Finding power in liminal states and confluences of charged feelings, Perez uses metaphors of nature to dissolve and complicate boundaries between emotions. Across Family Romance, simultaneity and tension are represented by the artist through acts of transformation. Mutation, growth, and change represent how, through imagination, it becomes possible to exist in more than one state at a time. In a refusal of one-dimensional readings of trauma, sensuality, or vulnerability, the artist expands complex and relational dynamics of gender. Transformation represents an embodied queer experience, processes of becoming, and reconciliation with the confines placed on developing individuals. In Perez’s realm, people can be anyone and anything: children, adults, women, men, animals, plants, lovers, monsters, and forms of land and sea. Rejecting binaries and essentialist readings, the artist instead finds possibility within.

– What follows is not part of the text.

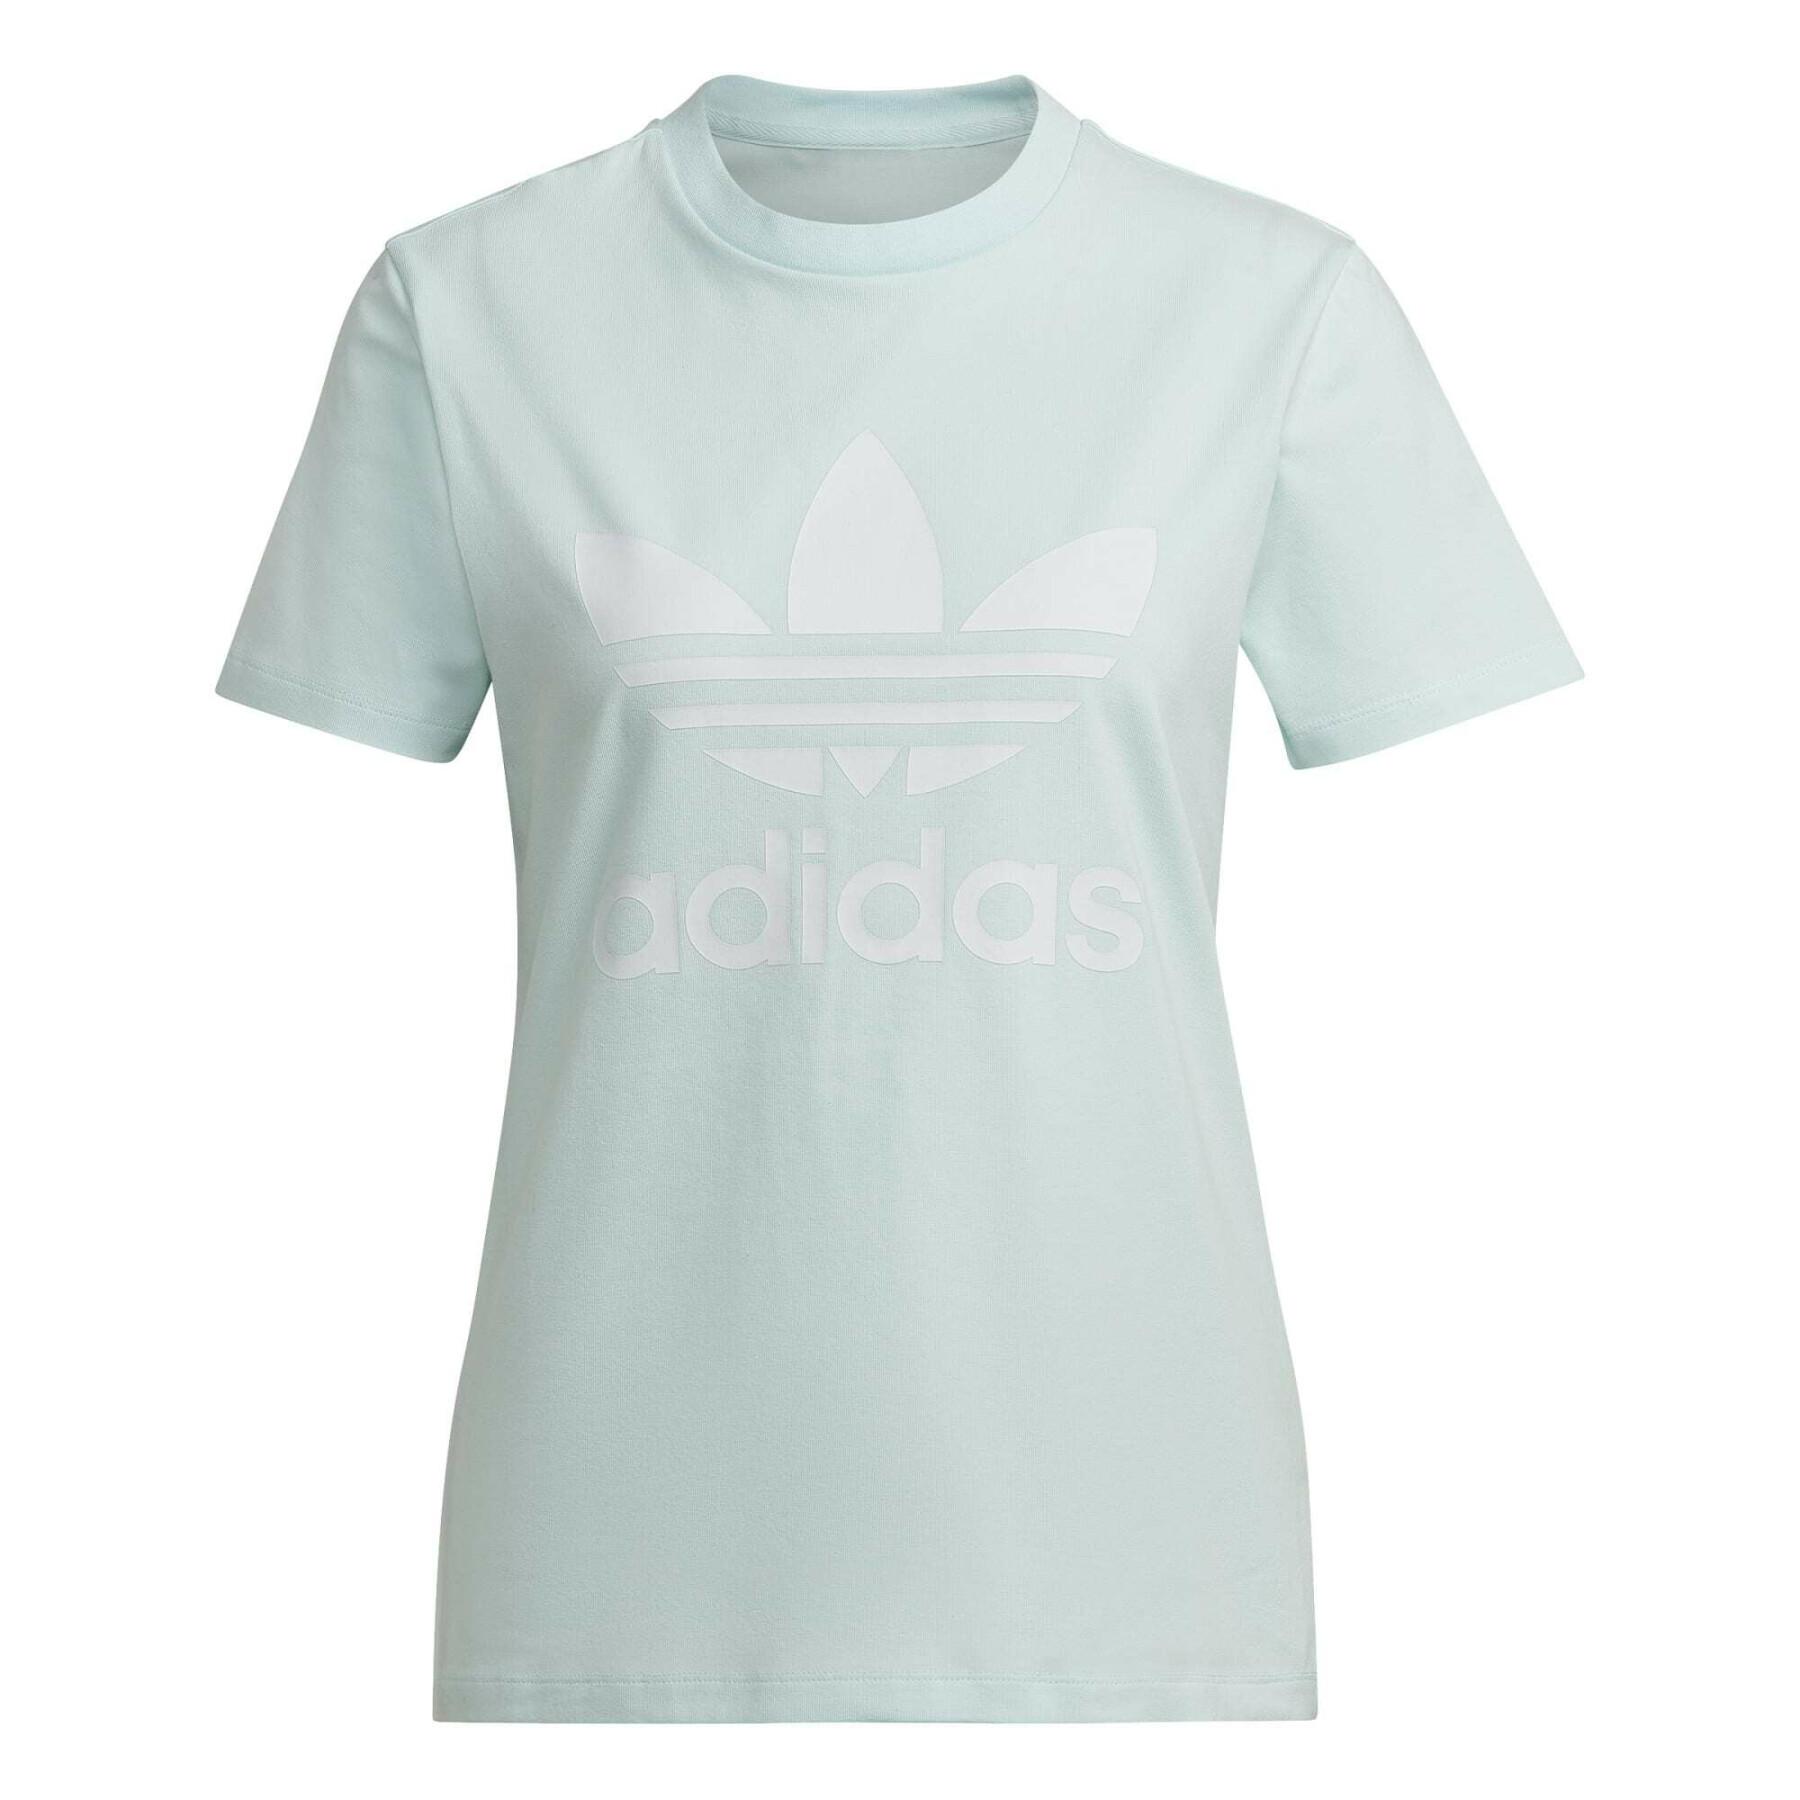 Dames-T-shirt adidas Originals Adicolor Classics Trefoil

In her monumental works on paper, Alina Perez (b. 1995; Miami, Florida) blends personal recollection and imagination, combining both remembered and fantastical elements that create a realm entirely her own. Perez employs the mind’s eye, using drawing as a tool to visualize scenes that are motivated by real emotional sensations. The artist understands memory as inherently malleable and open to chance, and uses her practice as a force in the constant revision of her own memories. Working in grand, fluid narrative, Perez rethinks familial history, personal trauma, and notions of identity that are rooted in both the individual and in geography.

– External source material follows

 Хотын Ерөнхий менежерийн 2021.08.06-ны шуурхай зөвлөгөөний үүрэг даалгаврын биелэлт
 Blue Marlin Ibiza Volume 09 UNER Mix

The artist consistently returns to a lexicon of symbols and environments that pull heavily from her lived experiences as a Cuban-American raised in Miami, Florida. These elements eschew straightforward notions of storytelling and narrative, instead favoring uncertain and evocative interplays of subject and setting. The artist likens the delicate balance of Florida’s ecology to that of young peoples’ inner worlds, and mines a kinship between the dense life of the region’s tropical wetlands and the depth of human experience. In Perez’s work, animals and plants act as manifestations of an environment that teems with life of its own, casting the natural realm as a shapeshifting player alongside its human inhabitants. The artist locates herself as the conduit for this lush world, a role in which she channels emotional states with energy on the elemental level of earthly phenomena.

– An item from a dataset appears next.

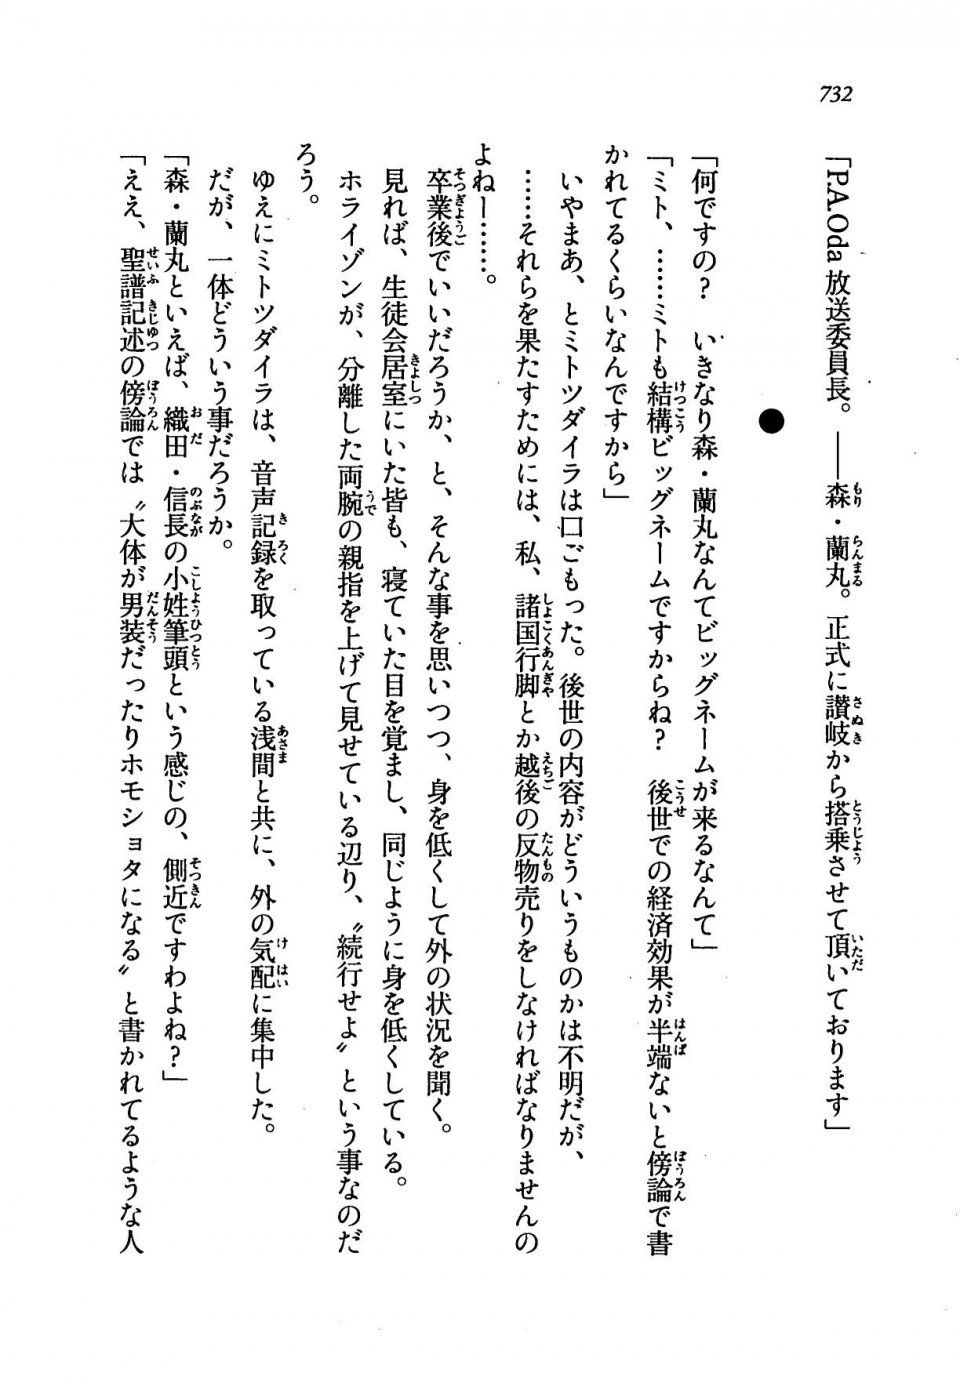 Kyoukai Senjou no Horizon LN Vol 19(8A) - Photo #732

Each of Perez’s drawings is built up from base layers of instinctive gesture which she constantly revises, refining and complicating her works to bring their details into focus. Working intuitively on paper with pastel and charcoal, the artist builds scenes that play out in an ever-evolving space that operates with its own surreal logic and acts as a living player unto itself. Fascinated by the capacity drawing has for capturing emotion through mark-making and the physical memory of her medium, Perez uses this quality to create a material intensity that mirrors its disposition. The fragility and flexibility of dry media make a constant record of changes in speed, stillness, and focus, and Perez uses these qualities to unearth emotional modes and make them tangible. Perez’s drawings reference compositional ideas from canonical works of the Renaissance and Baroque periods to consider acute psychological dualities: violence and healing, sensuality and pain, vulnerability and strength.

Alina Perez’s work has been exhibited at the Taubman Museum of Art, Roanoke, VA; Atlanta Contemporary, GA; Arcadia Missa Gallery & Publishers, London, UK; Deli Gallery, New York, NY; James Cohan Gallery, New York, NY; Rachel Uffner, New York, NY; Company Gallery, New York, NY; and M+B, Los Angeles, CA. Work by Perez is included in “Flow States – LA TRIENAL 2024,” the second edition of El Museo del Barrio’s triennial surveying Latinx contemporary art. In 2017, Perez was a resident at the Skowhegan School of Painting and Sculpture, Madison, ME, and has attended residencies at the Fine Arts Works Center in Provincetown, MA, the Ox-Bow School of Art, Saugatuck, MI; and the Vermont Studio Center, Johnson, VT. Alina Perez received her BFA in Painting from the Rhode Island School of Design and her MFA in Painting and Printmaking from the Yale School of Art. The artist lives and works in New York, NY. Perez’s first solo exhibition with Yossi Milo will open in January of 2025.